SQL Server中如何识别、查找未使用的索引(unused indexes)
在SQL Server中,索引是优化SQL性能的一大法宝。但是由于各种原因,索引会被当做“银弹”滥用,一方面有些开发人员(甚至是部分数据库管理员)有一些陋习,不管三七二十一,总是根据所谓的"感觉"或“经验”先增加一些索引,而不管这些索引是否未被使用或是否合理。另外一方面在数据库的生命周期中,需求总是在变化,业务也在变化,有些当初创建的有效索引可能已经变成了unused index了。变成了数据库性能的累赘; 另外,部分数据库管理员其实很少清理索引(冗余索引,重复索引,未使用索引)。其实不管是出于性能考虑,还是数据库维护管理的需要,数据库中的未使用索引(unused index)都需要定期清理,因为这些未使用索引(unused index)不但不会提高查询性能,还会影响DML操作的性能、浪费存储空间等等。本文主要总结一下,如何找到识别、查找哪些未使用的索引(unused index)
如何找到未使用索引呢? 在ORACLE数据库中提供了监控索引使用情况的功能。虽然在SQL Server中没有提供此类功能,但是提供了DMV视图sys.dm_db_index_usage_stats ,关于这个视图,详细信息可以参考官方文档,下面仅仅介绍需要用到的几个字段
user_scans 用户查询执行的扫描次数。
user_seeks 用户查询执行的搜索次数。
user_lookups 用户查询执行的书签查找次数。
user_updates 通过用户查询执行的更新次数。这表示插入、 删除,更新的次数,而不是受影响的实际行数。

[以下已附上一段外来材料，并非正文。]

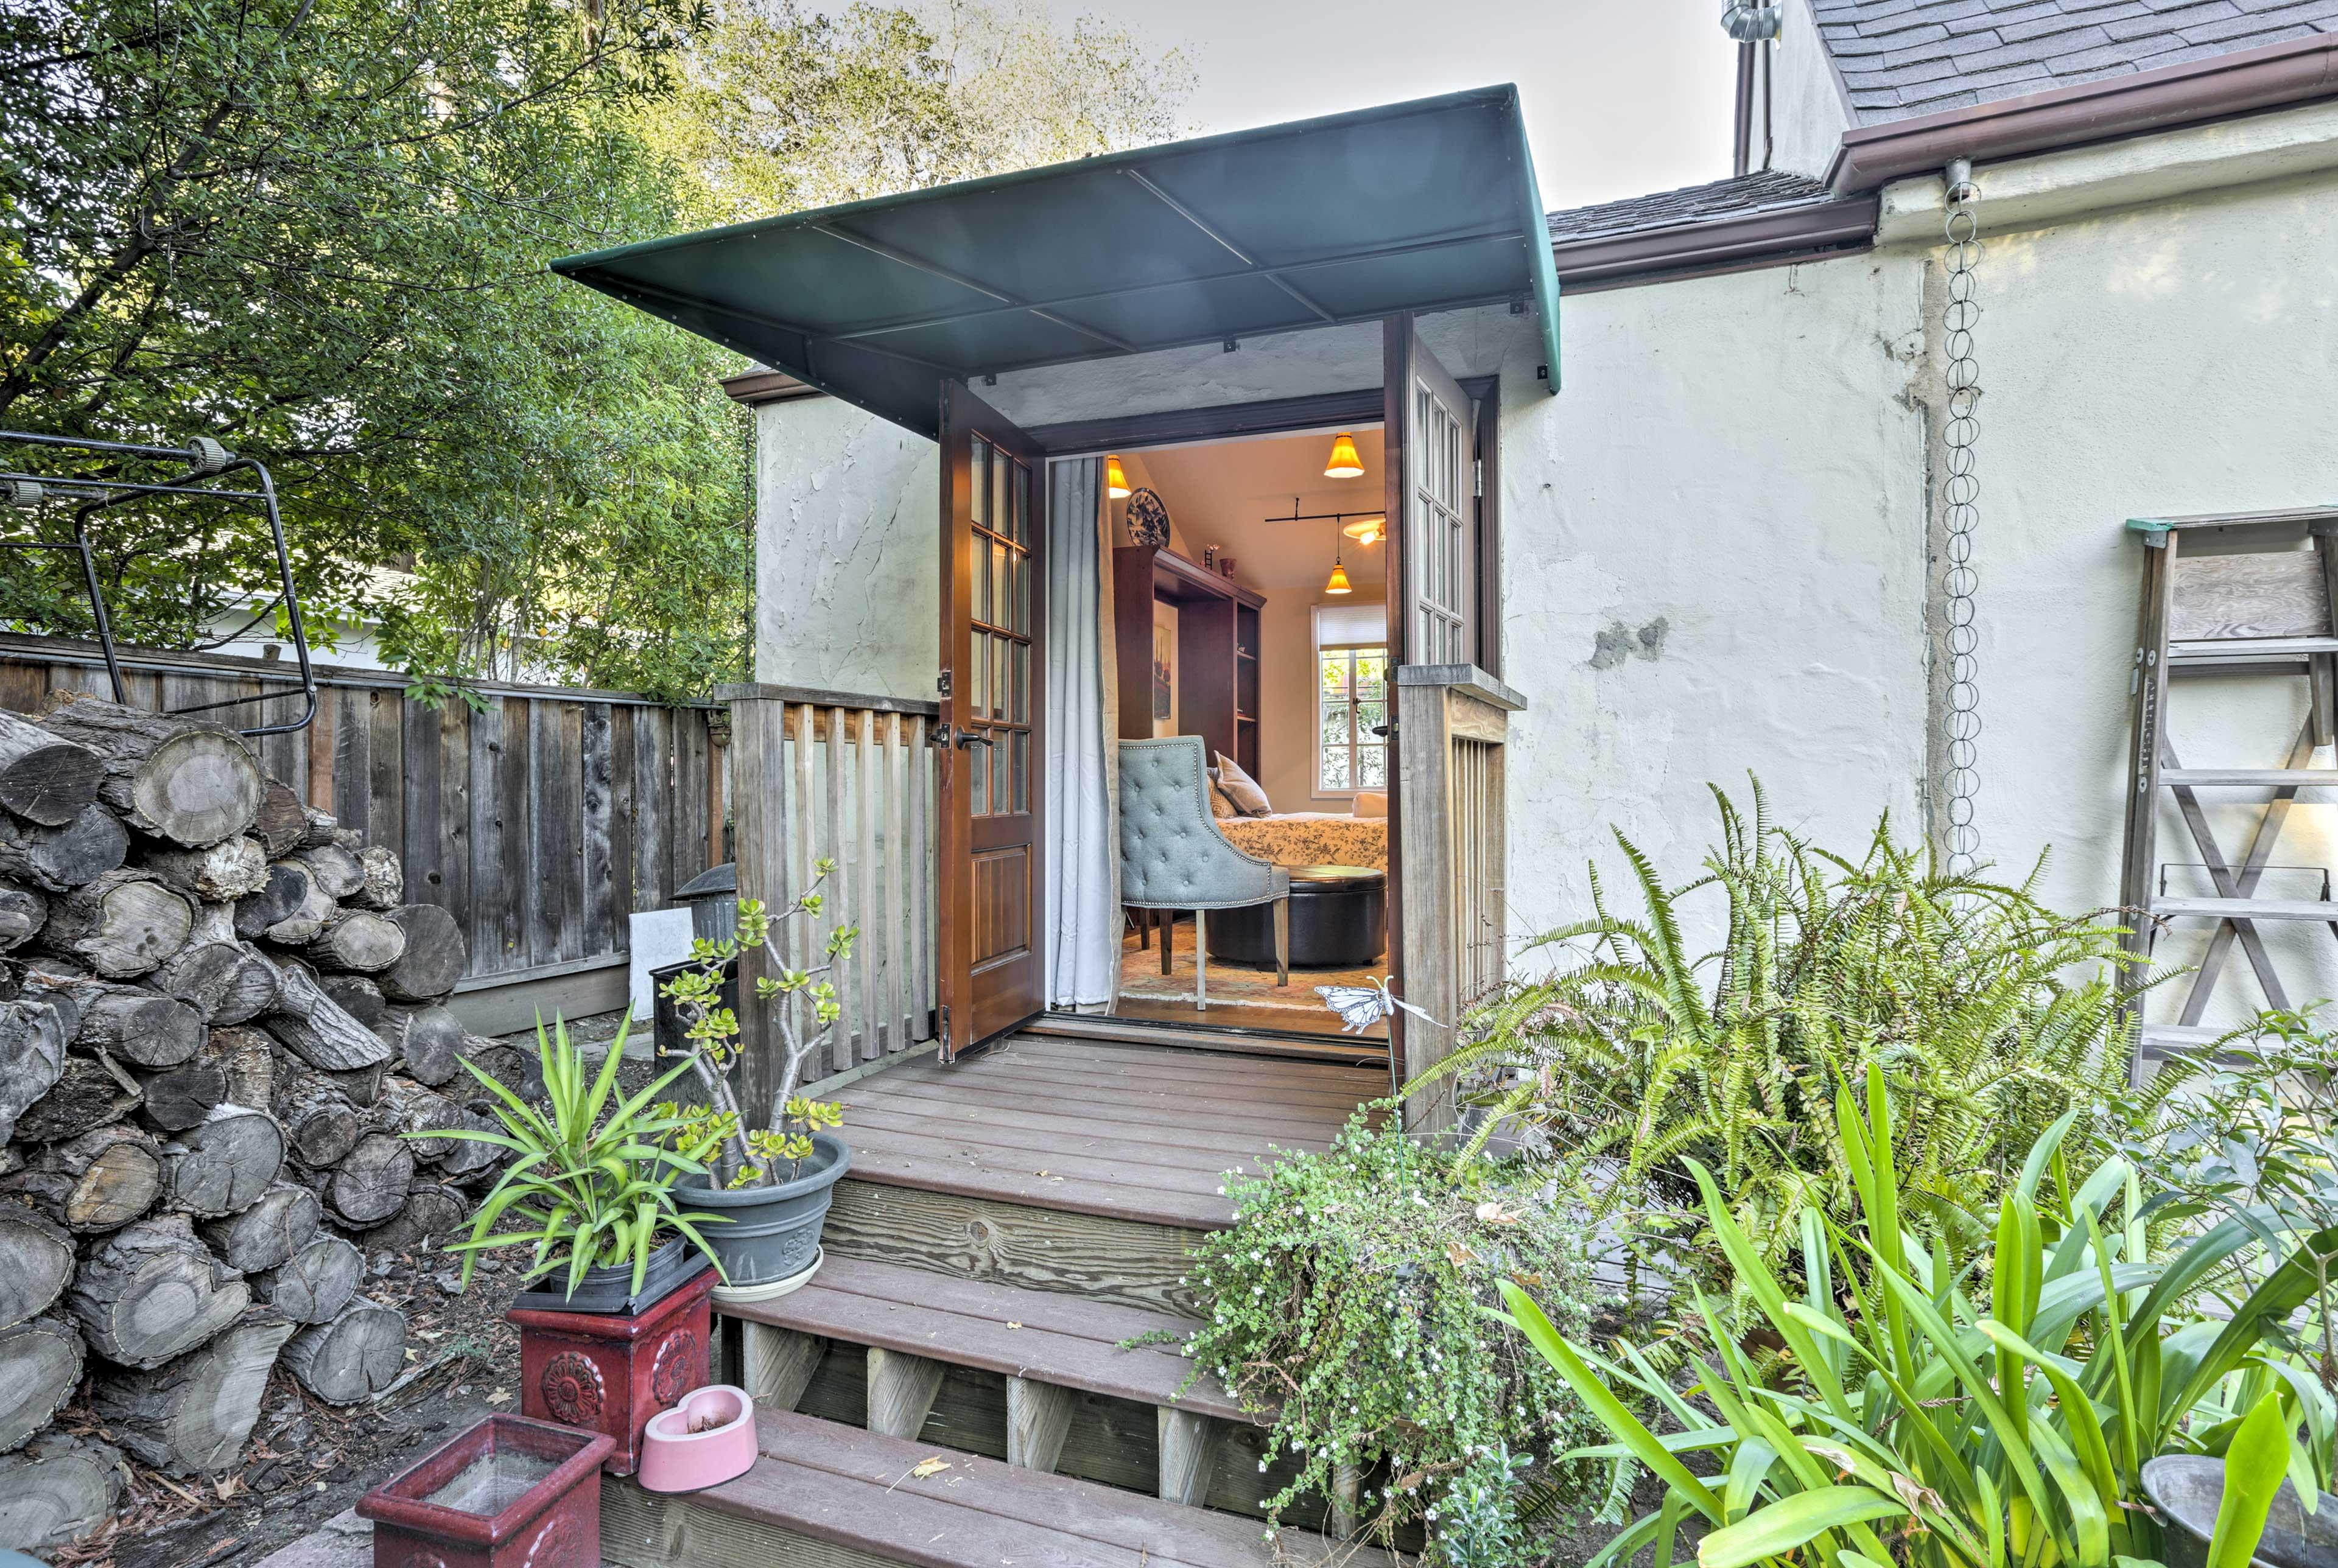 Enjoy the direct garden access from both entrances of the home.
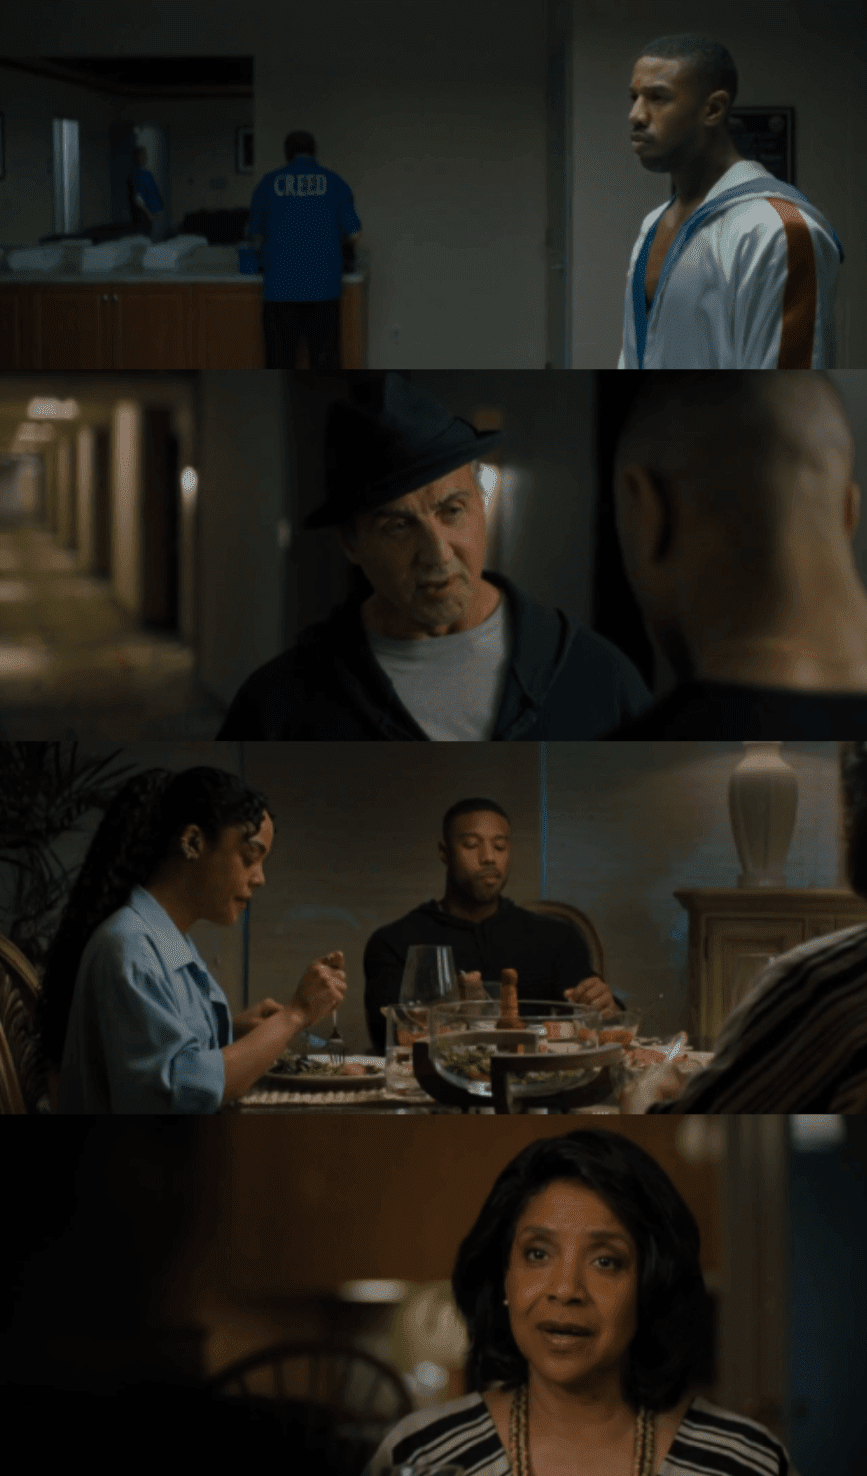 Creed 2 screenshots

例如,如果你删除在一个语句中的 1000行,此计数递增 1
Number of updates by user queries. This includes Insert, Delete, and Updates representing
number of operations done not the actual rows affected. For example, if you delete 1000
rows in one statement, this count increments by 1
我们可以使用下面SQL语句查找当前数据库中的未使用索引(unused index):
SELECT 'SQL Server Instance Start with ' + CONVERT(VARCHAR(16),create_date,120) FROM sys.databases
WHERE database_id =2;
SELECT DB_NAME(diu.database_id) AS DatabaseName ,
s.name +'.' +QUOTENAME(o.name) AS TableName ,
i.index_id AS IndexID ,
i.name AS IndexName ,
CASE WHEN i.is_unique =1 THEN 'UNIQUE INDEX'
ELSE 'NOT UNIQUE INDEX' END AS IS_UNIQUE,
CASE WHEN i.is_disabled=1 THEN 'DISABLE'
ELSE 'ENABLE' END AS IndexStatus,
o.create_date AS IndexCreated,
STATS_DATE(o.object_id,i.index_id) AS StatisticsUpdateDate,
diu.user_seeks AS UserSeek ,
diu.user_scans AS UserScans ,
diu.user_lookups AS UserLookups ,
diu.user_updates AS UserUpdates ,
p.TableRows ,
'DROP INDEX ' + QUOTENAME(i.name)
+ ' ON ' + QUOTENAME(s.name) + '.'
+ QUOTENAME(OBJECT_NAME(diu.object_id)) +';' AS 'Drop Index Statement'
FROM sys.dm_db_index_usage_stats diu
INNER JOIN sys.indexes i ON i.index_id = diu.index_id
AND diu.object_id = i.object_id
INNER JOIN sys.objects o ON diu.object_id = o.object_id
INNER JOIN sys.schemas s ON o.schema_id = s.schema_id
INNER JOIN ( SELECT SUM(p.rows) TableRows ,
p.index_id ,
p.object_id
FROM sys.partitions p
GROUP BY p.index_id ,
p.object_id
) p ON p.index_id = diu.index_id
AND diu.object_id = p.object_id
WHERE OBJECTPROPERTY(diu.object_id, 'IsUserTable') = 1
AND diu.database_id = DB_ID()
AND i.is_primary_key = 0 --排除主键索引
AND i.is_unique_constraint = 0 --排除唯一索引
AND diu.user_updates <> 0 --排除没有数据变化的索引
AND diu.user_lookups = 0
AND diu.user_seeks = 0
AND diu.user_scans = 0
AND i.name IS NOT NULL --排除那些没有任何索引的堆表
ORDER BY ( diu.user_seeks + diu.user_scans + diu.user_lookups ) ASC,diu.user_updates DESC;
GO
需要注意的几点:
1:sys.dm_db_index_usage_stats返回索引的被使用的信息,但是这个DMV视图中的数据是自数据库服务启动以来累计收集的数据(只要重启SQL Server服务,该视图的计数器就初始化为空。 而且,当分离或关闭数据库时(例如,由于 AUTO_CLOSE 设置为 ON),便会删除与该数据库关联的所有记录。),所以,如果数据库只运行了几天,那么这个视图的数据有可能不是特别准确(例如,有些OLAP的批处理或作业,一个月才运行一次)。所以在判断分析前,一定要查看数据库服务已经运行多长时间了。一般合适的时间是一个月以上,最好是两个月以上。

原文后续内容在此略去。